Opinion

Fionnuala O Connor: Nationalists know holding Dublin's attention is a century-old problem

Taoiseach Leo Varadkar
Taoiseach Leo Varadkar Taoiseach Leo Varadkar

How to hold the attention of a Dublin government? For northern nationalists the problem is more than a century old, although twenty years ago some hoped the Good Friday Agreement had solved it.

But the level playing field some thought the agreement had established turned out to be a platform on boggy ground, prone, without Dublin correction, to tilt back towards unionism.

Brexit negotiation has kept a kind of Dublin focus on northern politics against the grain of southern understanding, and interest, post the GFA and prior to the UK’s Leave vote.

To lay out official southern attitudes phase by phase is demoralising.

It makes sense as realism amid the emptiness of conventional wisdom. As in recitation of the maxim that nationalists surely cannot want Westminster direct rule, therefore Sinn Féin ought to somehow present the DUP with a deal even more favourable to unionism and even less impressive to nationalists than the last one, on which the Arlene Foster leadership reneged.

As in the willingness to ignore last week’s judgment against Foster, which leaves her liable for court costs and means that the May government through Karen Bradley should now fund inquests the DUP leader decided should be blocked. Acting unlawfully in her role as first minister, said the judge.

At the weekend Foster told her party’s spring conference that Sinn Féin had caused the present political vacuum by ‘sowing division.’

Instead of amusement at a DUP leader calling another party divisive, this was reported as the DUP leader ‘ripping into’ Sinn Féin and as Foster ‘clashing’ with SF leader Mary Lou McDonald. But there are no headlines in the unchanging daily story that Sinn Féin are stuck, without the dogged personability of Martin McGuinness to cover their embarrassment. Or that the DUP will not work power-sharing.
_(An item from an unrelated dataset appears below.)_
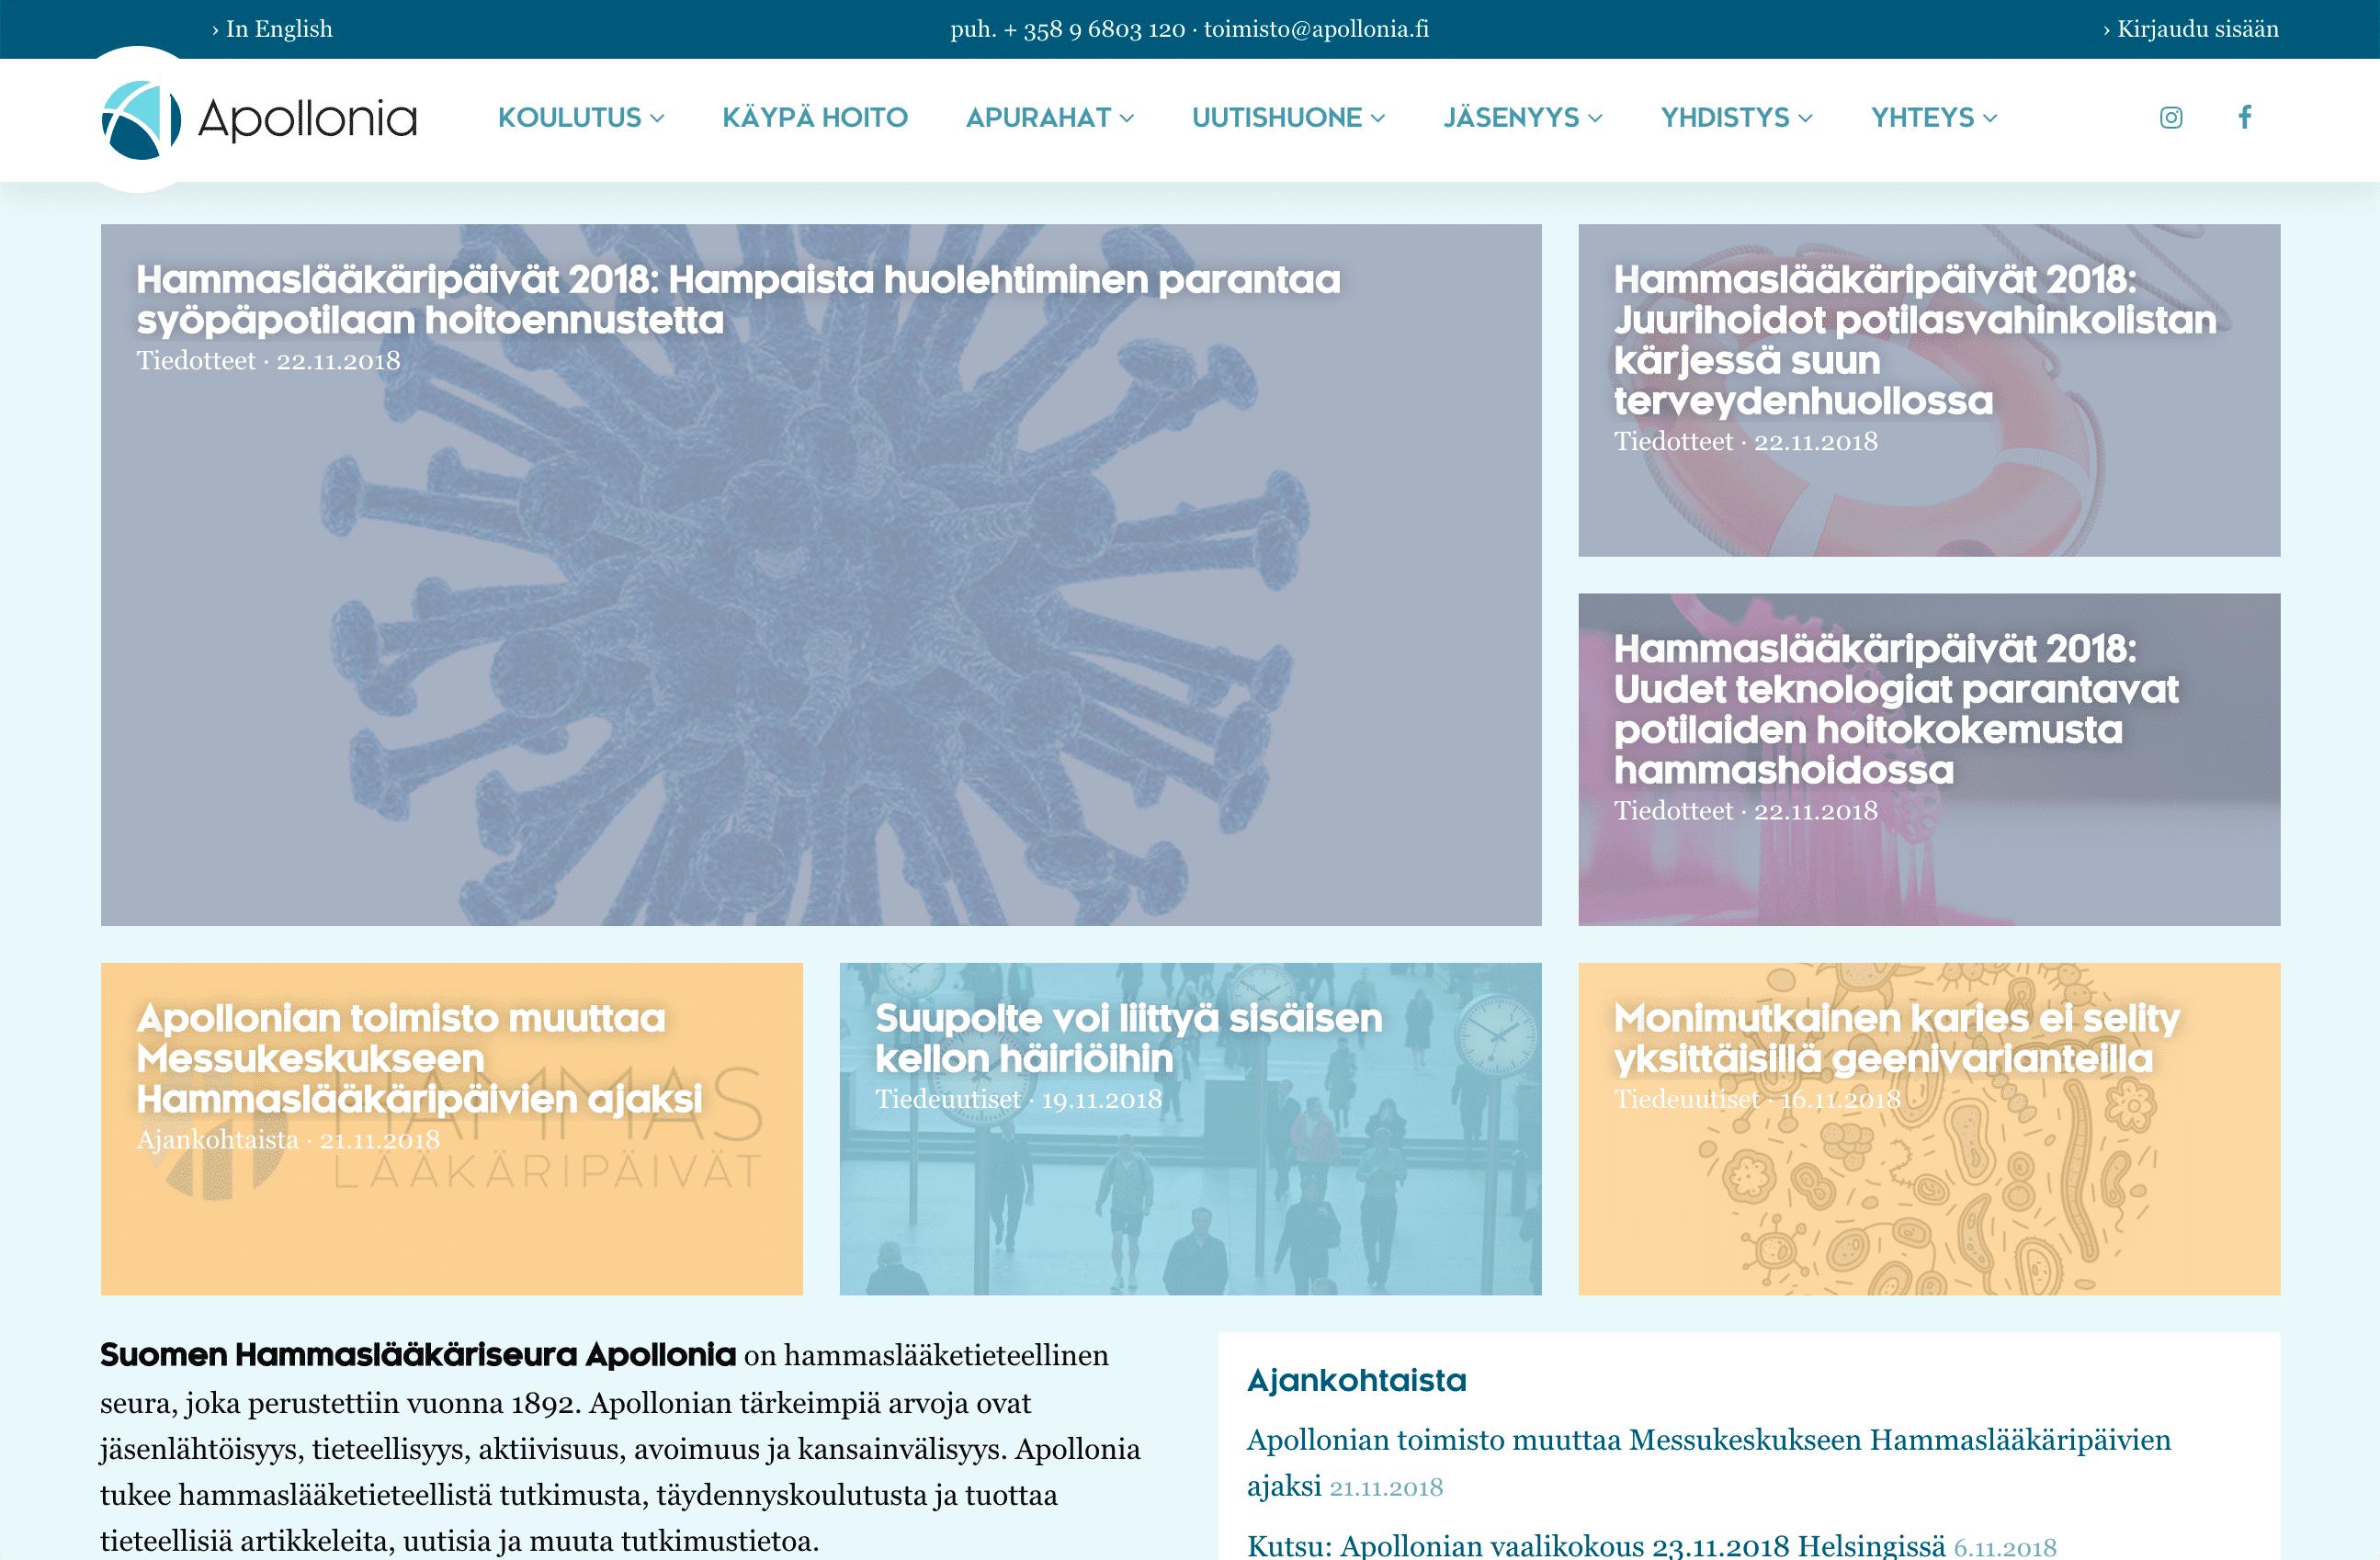 Apollonia- ja Hammaslääkäripäivät-verkkosivustot

DUP failings fail to exercise official Dublin. That court case? No resonance. The RHI inquiry grinds out evidence of civil service incompetence, plus deference to DUP and perhaps Sinn Féin dislike of minuted meetings. DUP connections to UDA North Down figure Dee Stitt? Boring, or too small scale for Dublin notice.
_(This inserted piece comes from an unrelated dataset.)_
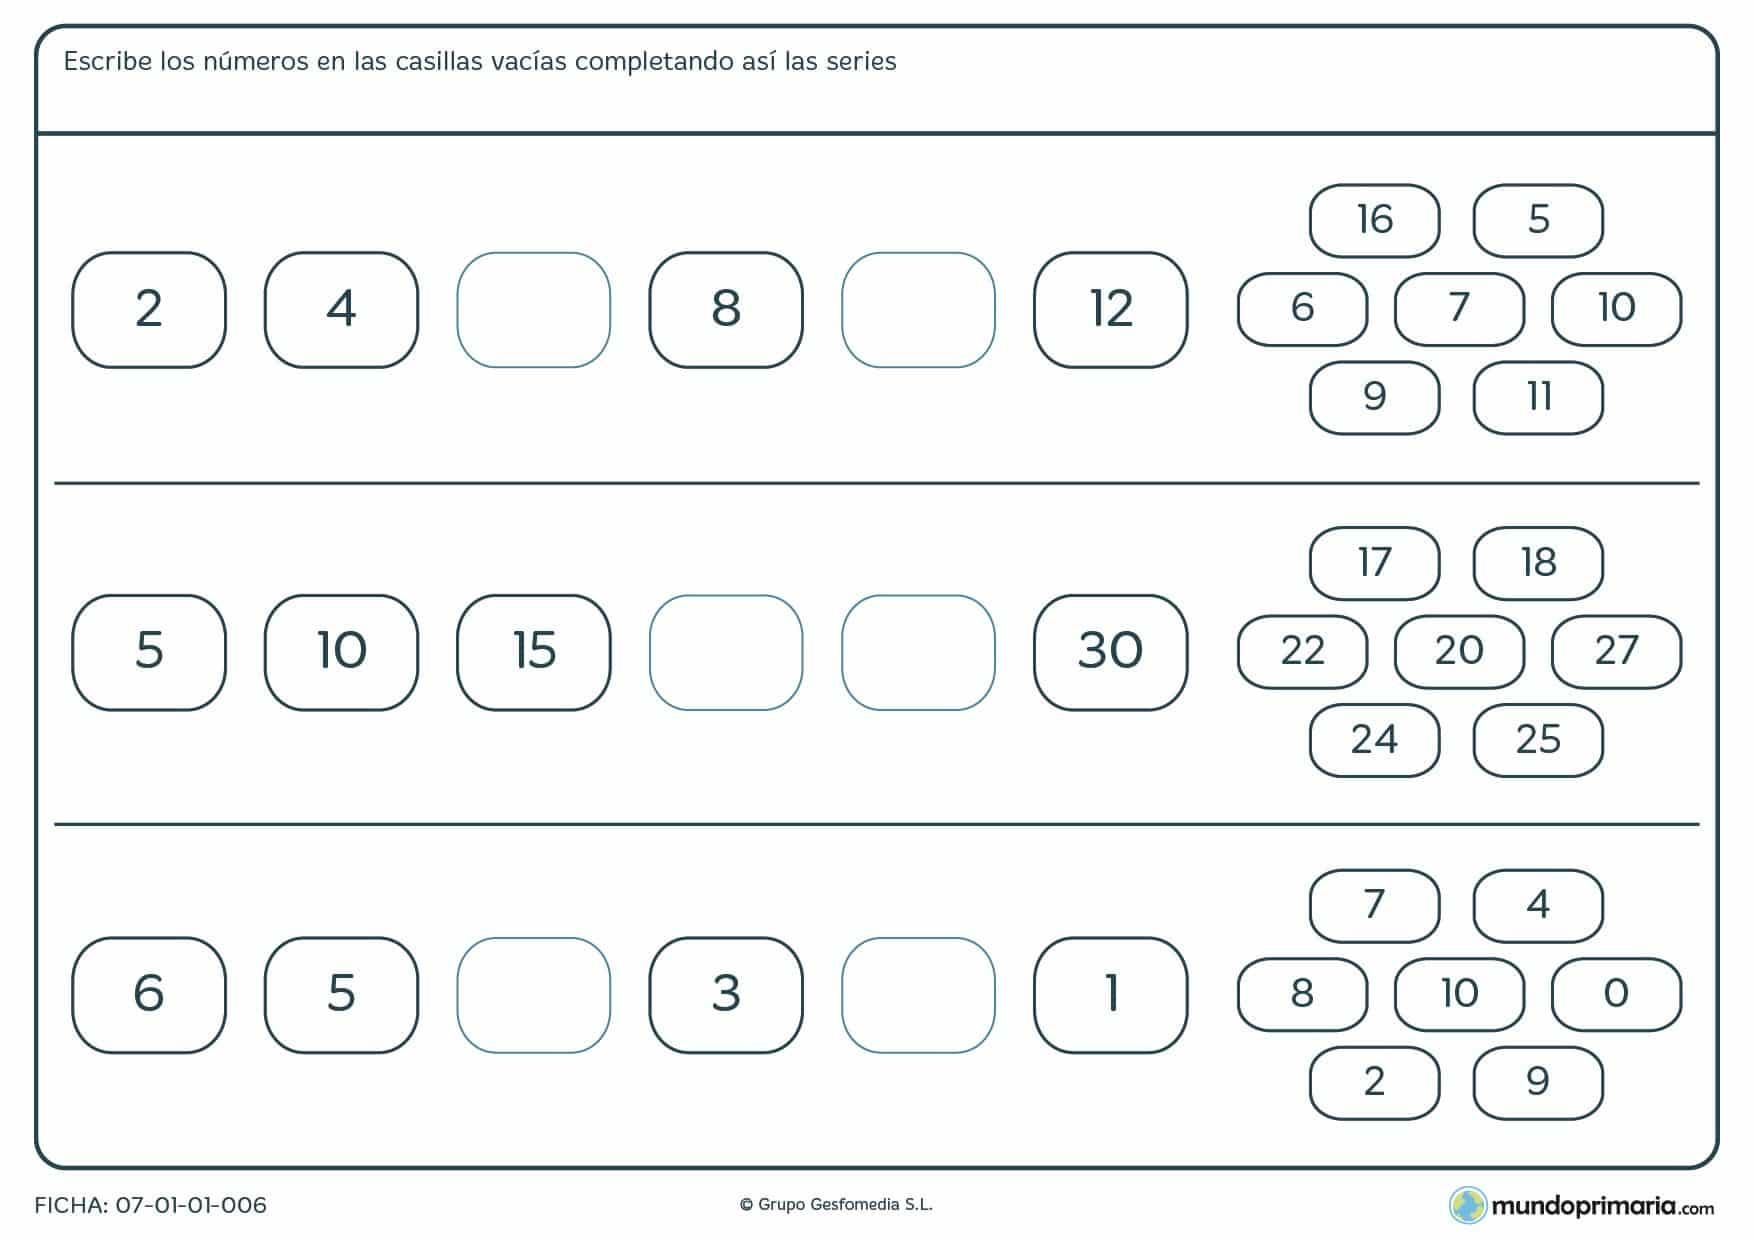 Ficha de series de números en las que has de rellenar los espacios en blanco con los números que corresponden.

Doyen of Dublin commentary Fintan O’Toole does keep coming back to the trail of DUP dark money, as part of the investigation of the Brexit-Leave funding. DUP involvement makes the cut because of Brexit.

Much as Dublin decided Sinn Féin were good enough for unionists to share Stormont power with, though not good enough for a similar role in southern government, a dislikeable DUP is not to be dissed as unionist standard-bearers.

None of this is mysterious.

The Republic is another Ireland with its own problems. Sinn Féin as heir to the IRA is as much as many can bear to know.

Plainly, there is no alternative to the DUP as the unionist voice. Even in the north few displayed interest in the other weekend speech from a party leader, despite admiration for the resilience and mental toughness of Alliance’s Naomi Long.

The Alliance idea of how to ‘break the logjam’ mostly caught the eye as the party re-positioning itself to be all things to the slender middle of northern politics, in vain.

After earlier misfires it now has a defensible stance on Irish, indeed the model for the draft agreement with Sinn Féin ditched by Foster. Urging Westminster to take care of Irish as well as single sex marriage is a wheeze a Northern Ireland Office minder might go for at a different time.

But its likelihood depends entirely on what the DUP tell Karen Bradley they will stand over.

Even if it only means shrugging at the gimmick of Westminster taking their difficult decisions, will the Foster leadership stand up to Jim Allister, who said a while back that he saw this coming?

And Alliance ducked the question of abortion provision.

The party may imagine itself competing for the hearts and minds of civic unionism. Nobody is vying for the honour. But even if Alliance weren’t internally divided on abortion, championing Irish provision is more than radical enough for them. Reducing the number of days that Belfast City Hall flies the union flag – even though that left it on a par with Britain - brought them an unmerciful pasting because they lined out with nationalism.

As for MLA scrutiny committees parallel to talks, SF’s McDonald saw through the DUP’s ramped-up version of Alliance’s elaborately balanced one to a ‘retreat from power-sharing’.

Alliance is a trier. But it is no alternative to the dreary steeples for northerners, nor for alienated Dublin.